Konstantin Svist wrote:
lemme take a crack at it..

_boundedStack: {
  _max: 500,
  _stack: [],
  _current: 0,   // next position to be written
  _overfly: false,
  push: function(obj) {
    var current = this._current;    // minor optimization
    this._stack[current] = obj;

This needs to realloc the array, unless js is really clever about those, you realloc 500 times, which is slow and consumes basically 1000 entries in memory at max.

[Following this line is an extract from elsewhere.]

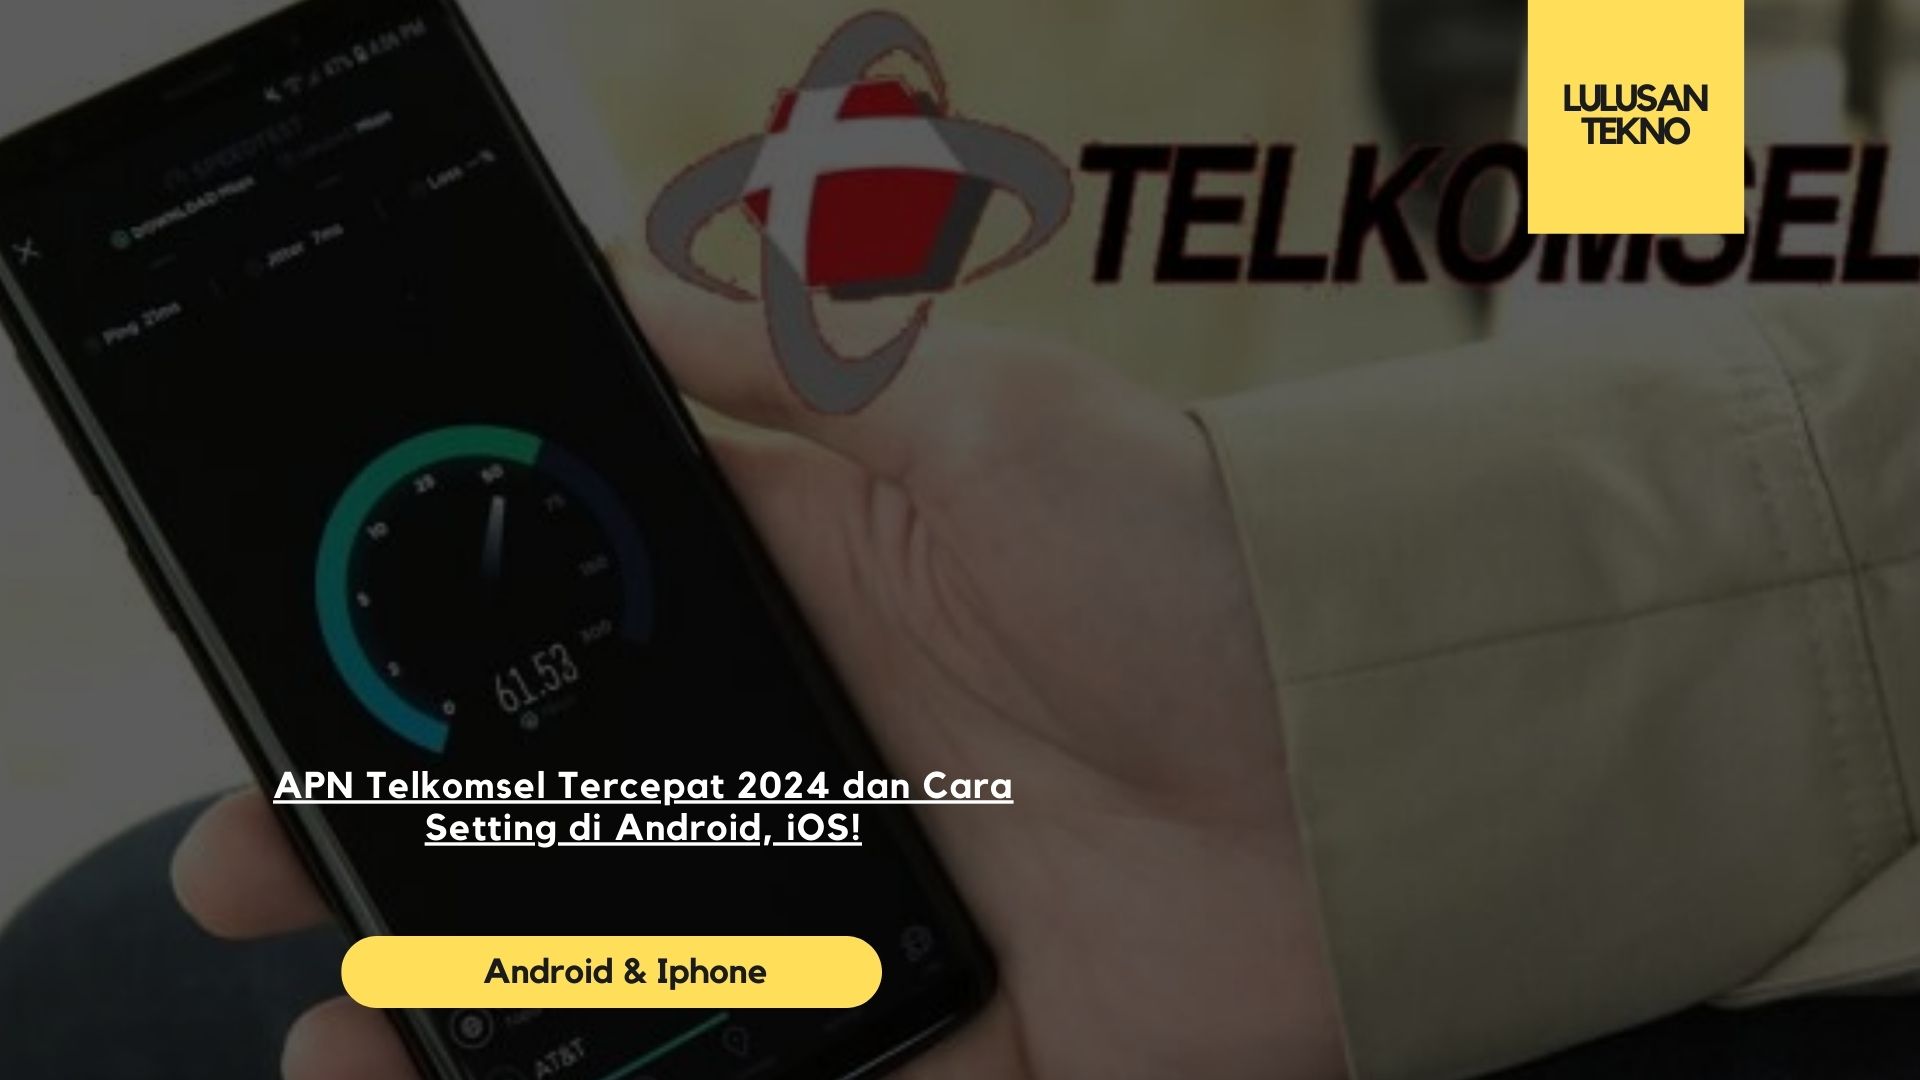 APN Telkomsel Tercepat 2024 dan Cara Setting di Android, iOS!

Not really worth it, if you usually do hit the 500 soonish.

    if (current >= this._max) {
      this._current = 0;
      this._overfly = true;
    }
  },
  length: function() { return this._stack.length; },    // note_1
  item: function(idx) {        // note_2
    if (this._overfly) {
      idx += this._current;
      if (idx >= this._max) { idx -= this._max; }
    }
    return this._stack[idx];
  }
}

note_1: it'll probably be a little faster to call myStack._stack.length directly

note_2: caller needs to bound-check. this can be done implicitly: get the length first, then only ask for elements within that length.

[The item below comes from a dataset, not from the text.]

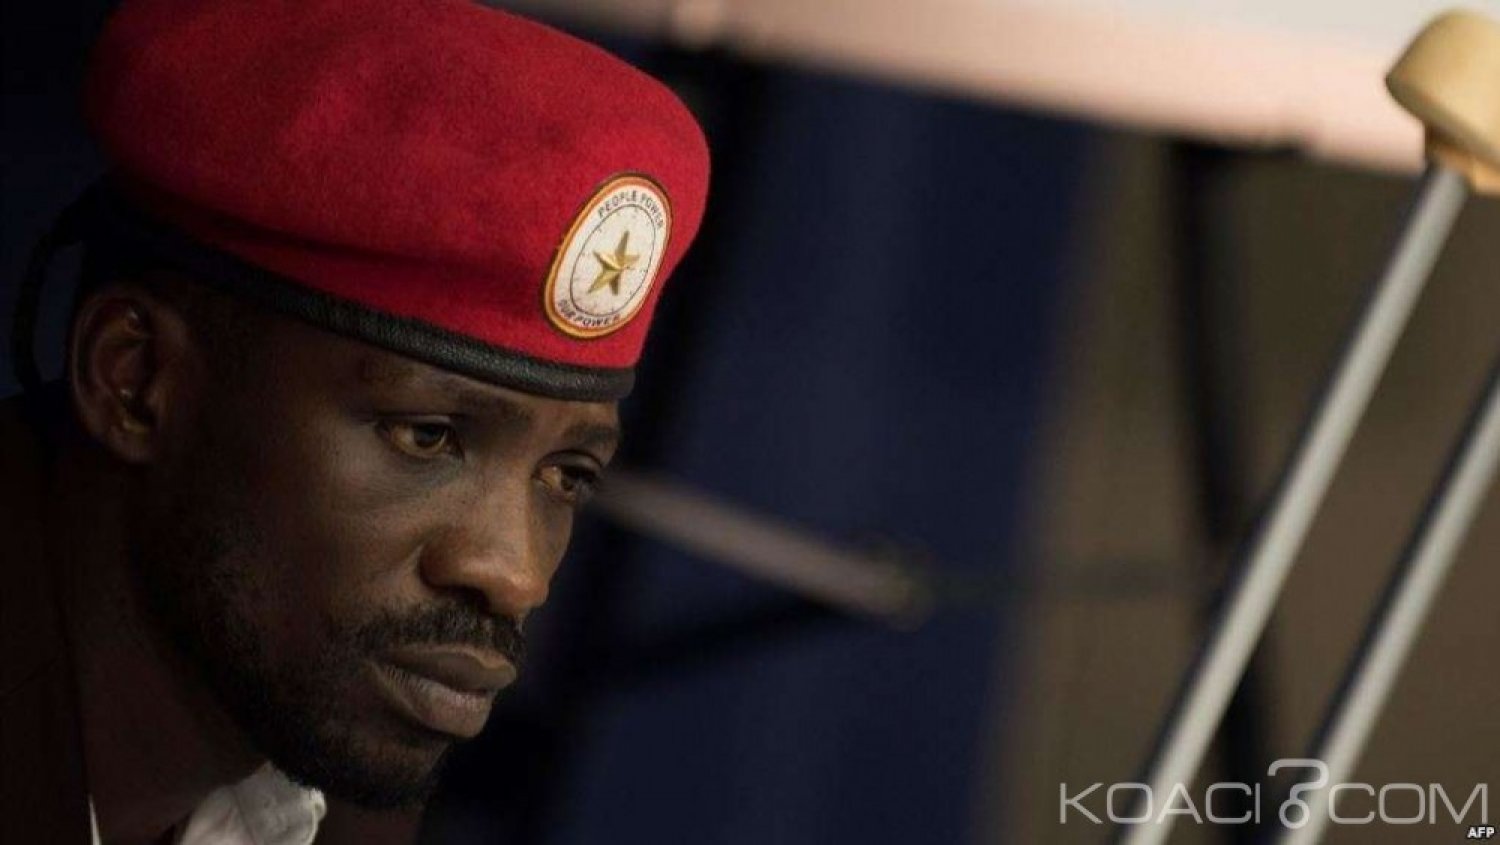 Ouganda :Le chanteur et opposant Bobi Wine inculpé et placé en détention

logic check: _current points to next field to write into. when getting an element by index, _current points to oldest element iff there was an overflow.


By the way, never skimp on the curly braces {}: for some reason Fx 1.0 favors the code with lots of {}s, by a slight margin (or so my testing showed).






also, does it have to be an array? what if you just use a linked list of objects? it may work faster if you keep retrieving the whole list each time, not just a certain item

_boundedStack: {
  first: null,
  last: null,
  len: 0,
  max: 500,
  push: function(obj) {
    if (null == this.last) { this.last = obj; }
    else {
      this.last.next = obj;
      this.last = obj;
    }
    this.len++;
    if (null == first) { first = obj; }
    else if (this.len >= this.max) {
        this.first = this.first.next;
        this.len--;
    }
  }
}

obj should be fairly easy to implement, i think..
to get the length of your stack, just grab the len variable
to get the list, get the first element then .next until .next == null


Linked lists are non-local in storage, that may or may not have an impact on perf. In theory, I bet that doesn't matter at all in an interpreted language.
It may be a little stressful on GC to have 500 additional objects.
It looks like you're polluting obj with next members, too.